Mongo db provides very flexibility for CRUD operations. We can insert or update document on the fly.

  • Insert Document:
    • Syntax: db.<collectionName>.insert(<documents>)
    • Example:  db.customer.insert([{first_name:”Robin”, last_name:”Desosa”}, {first_name:“Kanika”, last_name:”Bhatnagar”},{first_name:”Rakesh”, last_name:”Sharma”, gender:”male”}]);

In the above example we are adding 3 document, first 2 are having the same fields but the third document has an additional field gender. Mongo db provides a functionality to insert the non structural data.
When you insert a document mongo db will automatically create a unique Id for each document.

  • Update Document:
    • Syntax: db.<collectionName>.update({<documentIdentifier>}, {$set:{<update value>}})
    • Example: db.customer.update({first_name:”Robin”},  {$set:{gender:”male”}});
      db.customer.update({first_name:”Kanika”},  {$set:{gender:”female”}});db.customer.update({first_name:”Rakesh”}, {$set:{age:”25”}})The above example will add a new field in corresponding document.
  • Update or Insert: Upsert command updates the document if it already exists or inserts a new one.
    • Syntax: db.<collectionName>.upsert({<docIdentifier>}, {<document>}, {upsert:true})
    • Example: db.customer({first_name:”Amita”}, {first_name:” Amita”, last_name:”Jain”, gender:”female”}, {upsert: true});
  • Rename Field in Document: We can rename field of a specific document by using $rename in update command.
    • Syntax: db.<collectionName>. update({<documentIdentifier>}, {$rename:{<update value>}})
    • Example: db.customer.update({first_name:”Rakesh”}, {$rename:{“gender”:”sex”}});After this we renamed the gender field to sex only for the document whose first_name is “Rakesh”.
  • Remove a field: To remove a field $unset needs to be used in update command.
    • Syntax: db.<collectionName>.update({<documentIdentifier >}, {$unset:{<field:1>}})
    • Example: Db.customer.update({first_name:”Rakesh”}, {$unset:{age:1}});
  • Remove Document:
    • Syntax: db.<collectionName>.remove({<documentIdentifier >})
    • Example: db.customer.remove({first_name:”Amita”});
      (If we have multiple entries with first_name Amita and want to remove 1.)
      db.customer.remove({first_name:”Amita”}, {justOne:true});
  • Find Document: We can find the document in collection by using following command. The output of that command is an object in json form.
    • Syntax: db.<collectionName>.find()
    • Example: db.customer.find();

The output of the above command will be all the json object stored in that collection.
To see it in a formatted way like each object and field in new line we can use pretty on find.

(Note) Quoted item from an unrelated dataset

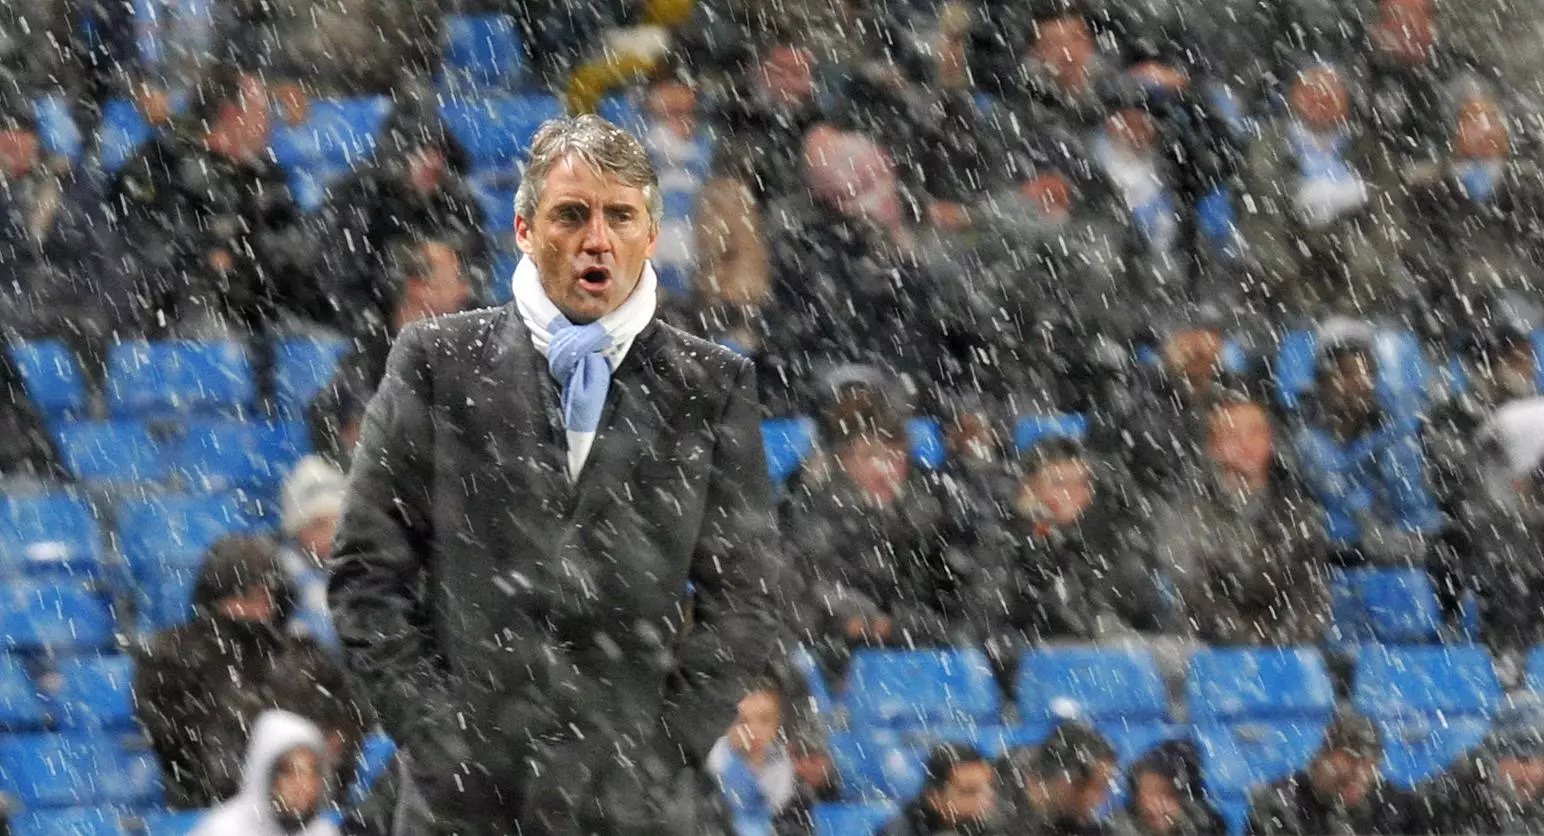 Leicester City Approach Roberto Mancini About Taking Over From Claudio Ranieri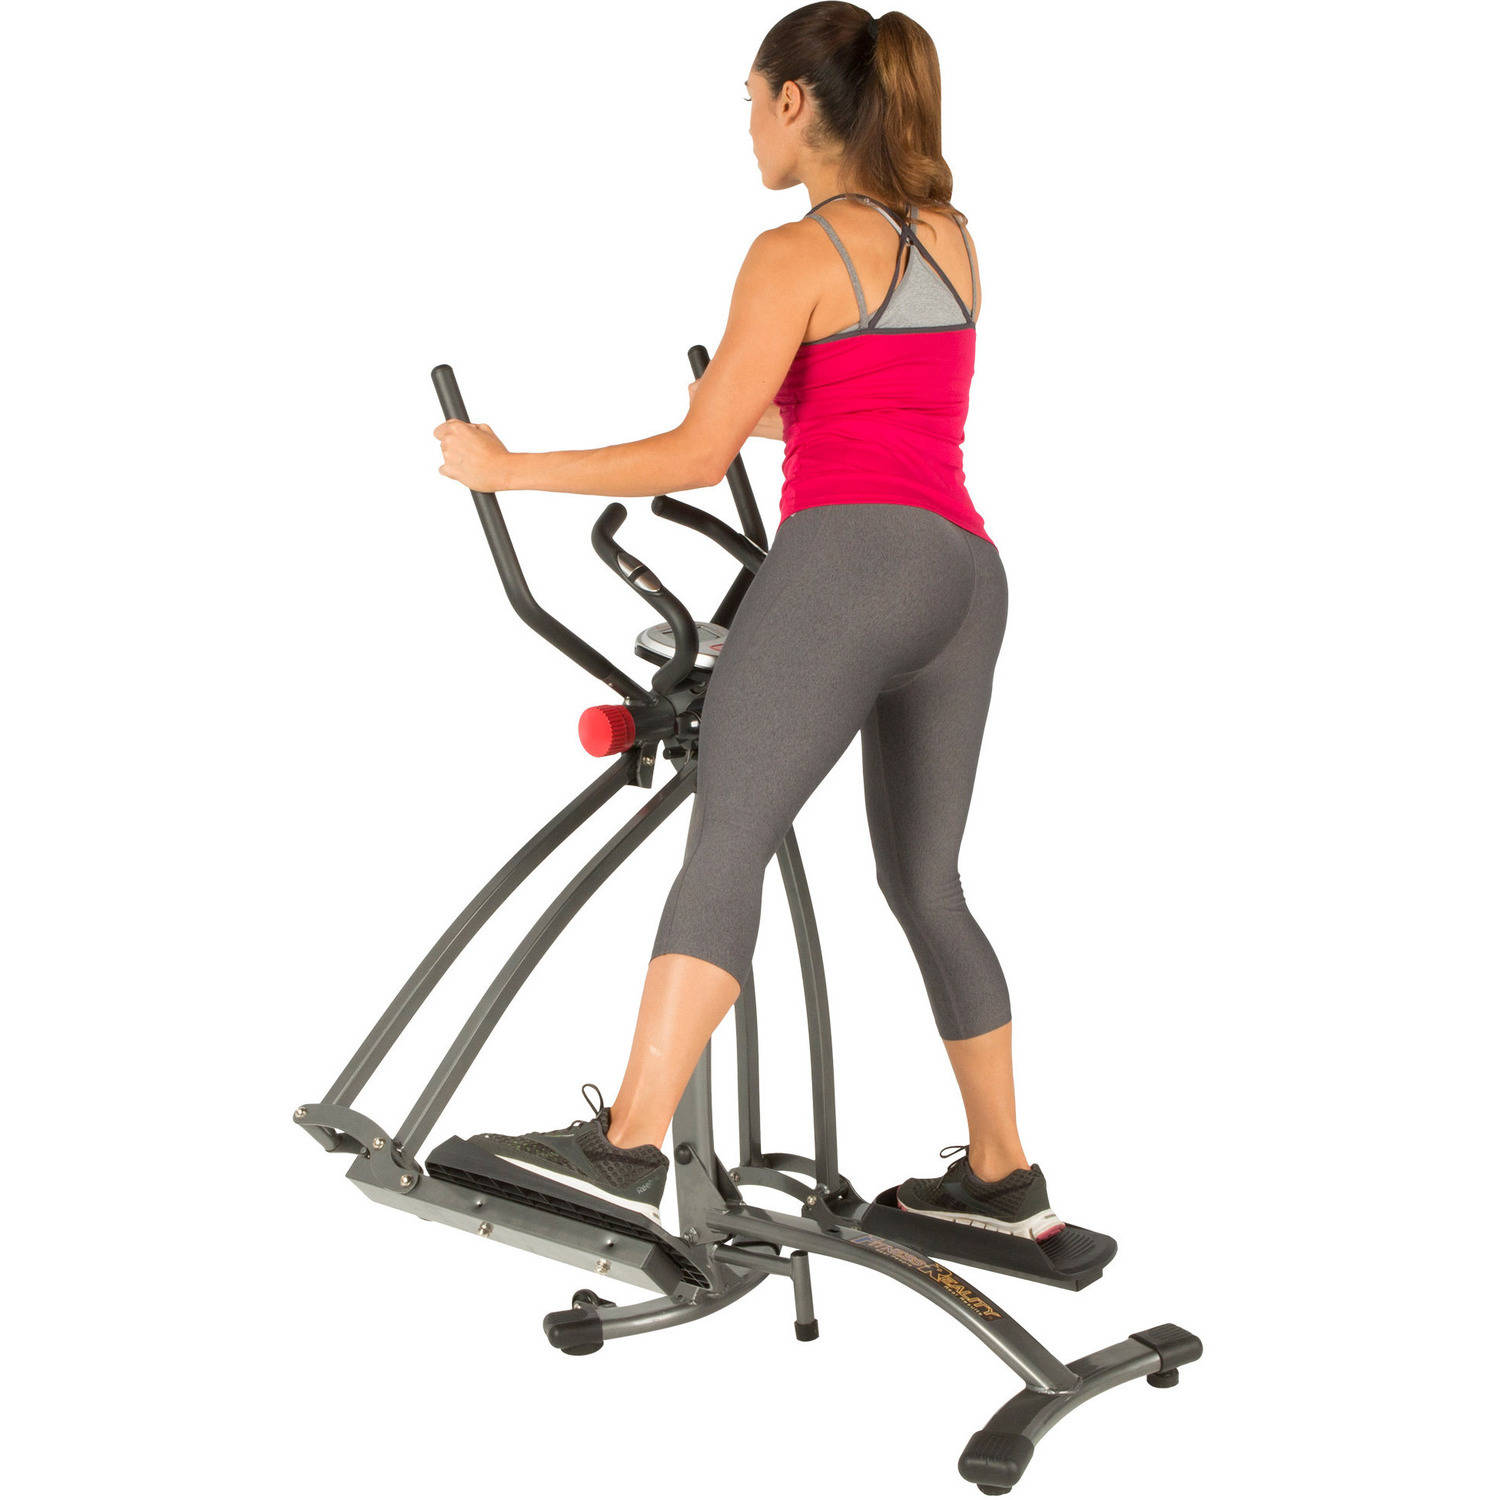 Fitness Reality Multi-Direction Elliptical Cloud Walker X1 with Pulse Sensors - image 22 of 31

Example: db.customer.find().pretty();

  • Find Specific: By passing the documentIdentifier value in find method.
    • Syntax: db.<collectionName>.find({<documentIdentifier >})
    • Example: db.customer.find({first_name:”Kanika”});
  • Or condition: 
    • Example: db.customer.find({$or:[{first_name:”Kanika”}, {first_name:”Robin”}]});

In the above example we have a document in find as parameter, and in that document we have give an array of first_name. $or is defining the operation which is going to be performed on the array.

  • Greater than, Less than: We can directly jump on the example of the greater than and less than.

Example:

  • db.customer.find({age:{$gt:26}});
    In the above example $gt defines that > operation need to be perform on age. It will find and print all the documents who has this field age and age >26.
  • db.customer.find({age:{$lt:26}});
    In the same way this $lt will help us to find all documents which have age field and age < 26.
  • db.customer.find({age:{$gte:26}});
    We can perform >= or <= operations as well by using $gte and $lte.

Following are some more example on features provided by Mongo db:

  • Sort:
    • db.customer.find().sort({first_name:1}); //descending order
      db.customer.find().sort({first_name:-1}); //ascending order
  • Count:
    • db.customer.find().count();
  • ForEach:
    • db.customer.find().forEach(function(doc){print(“Customer Name:”+ doc.first_name)});

These all are the basic syntax for getting started with MongoDb.